Perimenopause is the 5-10 year stretch before menopause, typically starting in the late 30s to mid-40s. Hormones fluctuate unpredictably; symptoms range from brain fog and disrupted sleep to skin changes, mood swings, and joint stiffness. Most women are told to "just push through it." There's actually a meaningful supplement-and-lifestyle protocol that can help.
Understanding what's actually changing
During perimenopause:
- Oestrogen fluctuates wildly (not gradual decline — peaks and troughs)
- Progesterone drops more steadily, often earlier than oestrogen
- Cortisol sensitivity increases — stress hits harder
- Insulin sensitivity decreases — body composition shifts toward central adiposity
- Sleep architecture changes — less deep sleep, more night-waking
- Skin collagen drops 30% in the first 5 years post-menopause
This is why you can't just take "menopause supplements" — different symptoms point to different mechanisms.

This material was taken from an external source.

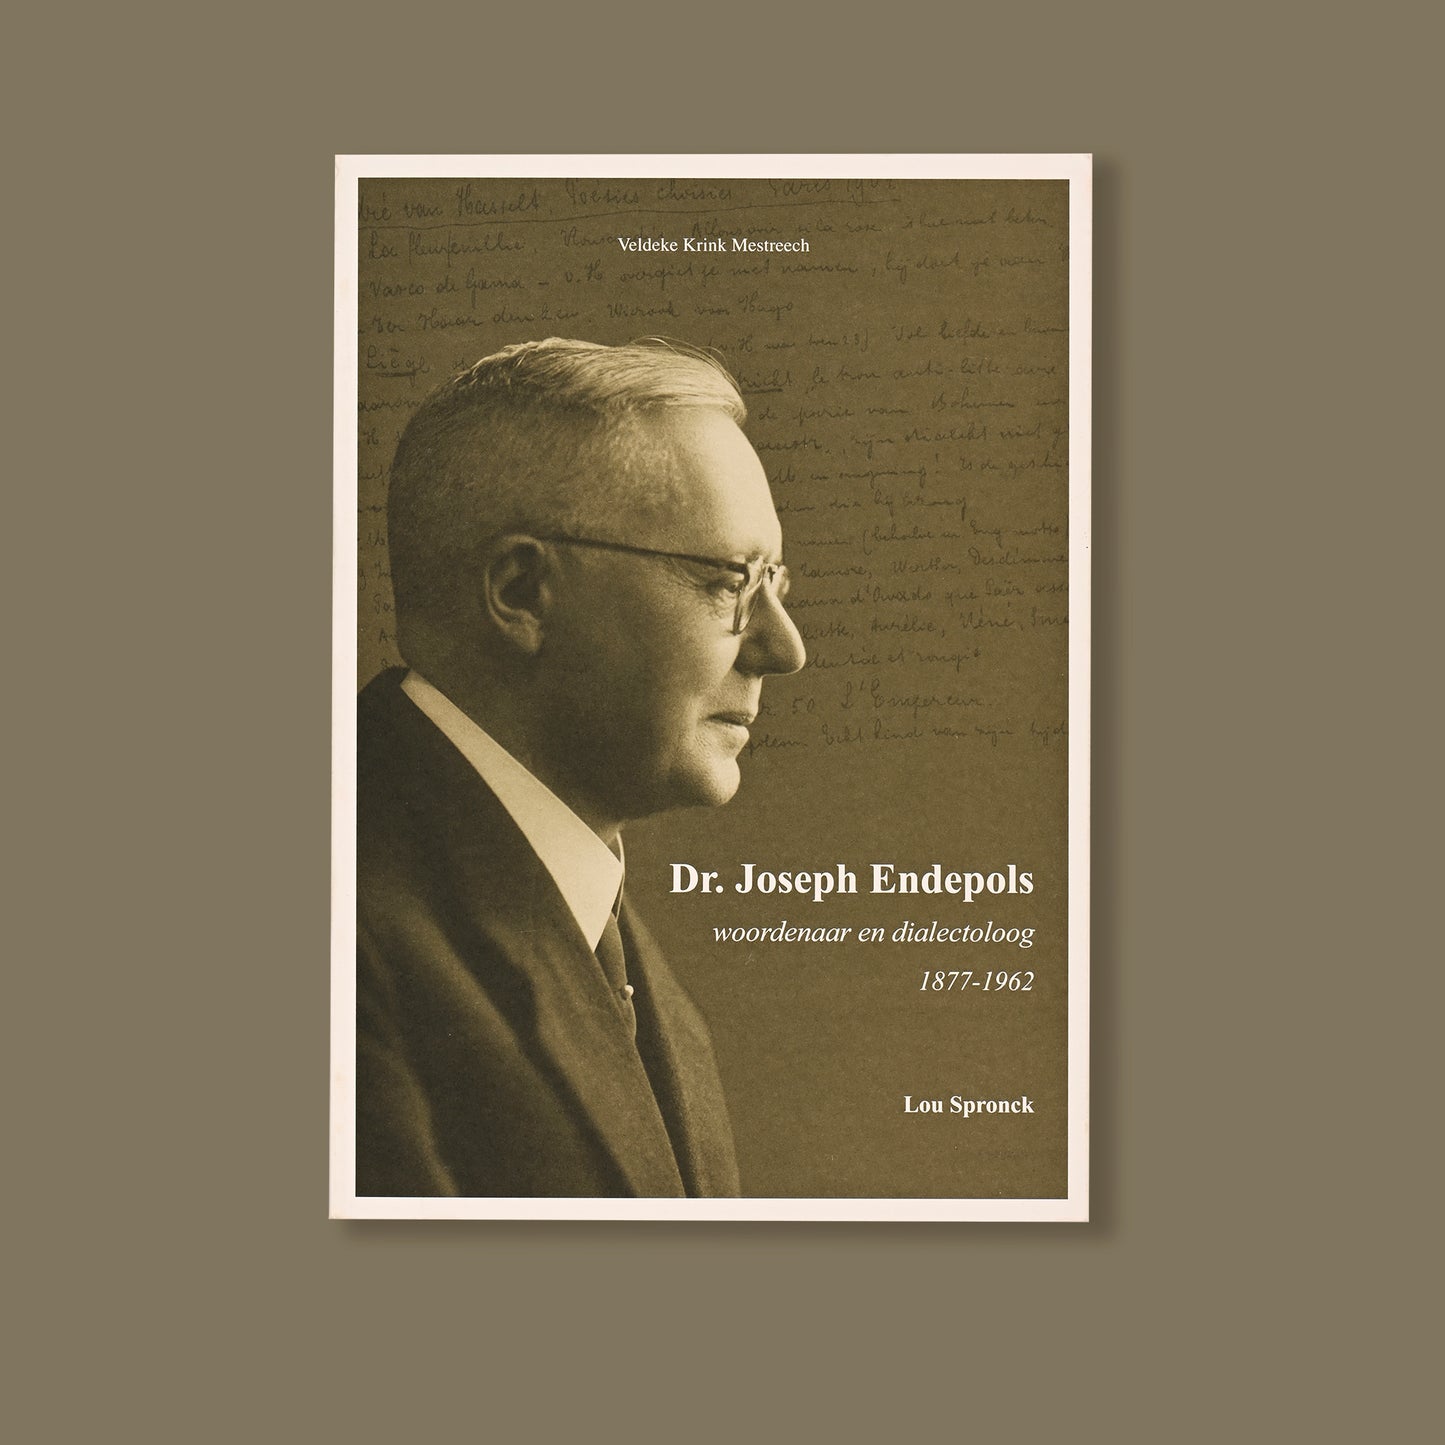 Dr. Joseph Endepols, woordenaar en dialectoloog

The protocol layer by layer
Layer 1: Foundation (everyone)
- Marine collagen 5-10g daily — counter the early collagen drop. Vida Glow Pro Collagen+
- Vitamin D3 + K2 — bone density support as oestrogen drops
- Methylated B-complex — supports neurotransmitter synthesis (mood) and homocysteine metabolism
- Omega-3 (DHA/EPA) — supports cardiovascular health and mood
Layer 2: Sleep (when sleep starts breaking)
- Magnesium glycinate 200-400mg before bed
- L-theanine 100-200mg if racing thoughts are the issue
- Combination products like eimele Sleep Glow stack these strategically
Layer 3: Hormonal support (cycle irregularities, PMS)
- Vitex (chasteberry) — traditional cycle regulation
- Methylated B6 — premenstrual symptom relief
- Ashwagandha (KSM-66) — cortisol modulation
- TheroNomic Ova-All Care bundles these specifically for women's hormonal wellness
Layer 4: Mitochondrial / energy
- NMN or NAD+ precursors — cellular energy as mitochondrial efficiency drops
- CoQ10 (ubiquinol form) — same idea
- SRW Cel² includes both
Layer 5: Inflammation / joint comfort
- Omega-3 — already noted
- Boswellia serrata — clinically validated anti-inflammatory
- Type II collagen for joint cartilage
- SRW Skl¹ covers these
The Singapore-specific angle
Vitamin D deficiency is common in Singapore despite the equator location — most office workers spend their daytime hours indoors. This compounds the bone density risk during perimenopause. Get a blood test if you haven't recently — many women run below the reference range.
What the supplements can't fix
Resistance training. The single most evidence-backed intervention for perimenopausal health is twice-weekly strength training. It maintains lean mass, bone density, insulin sensitivity, mood — none of which any supplement matches.
Frequently asked questions
Should I consider HRT? That's a doctor conversation. Modern HRT has a much better safety profile than older protocols. Supplements complement HRT — they don't replace it for women with significant symptoms.
What about phytoestrogens (soy, red clover)? Mixed evidence. Some women find them helpful for hot flashes; others see no effect. Worth trying for 12 weeks if hot flashes are the primary issue.
How long until supplements show effects? Sleep / mood: 2-4 weeks. Hormonal regulation: 3-6 months. Skin / structural: 12 weeks minimum.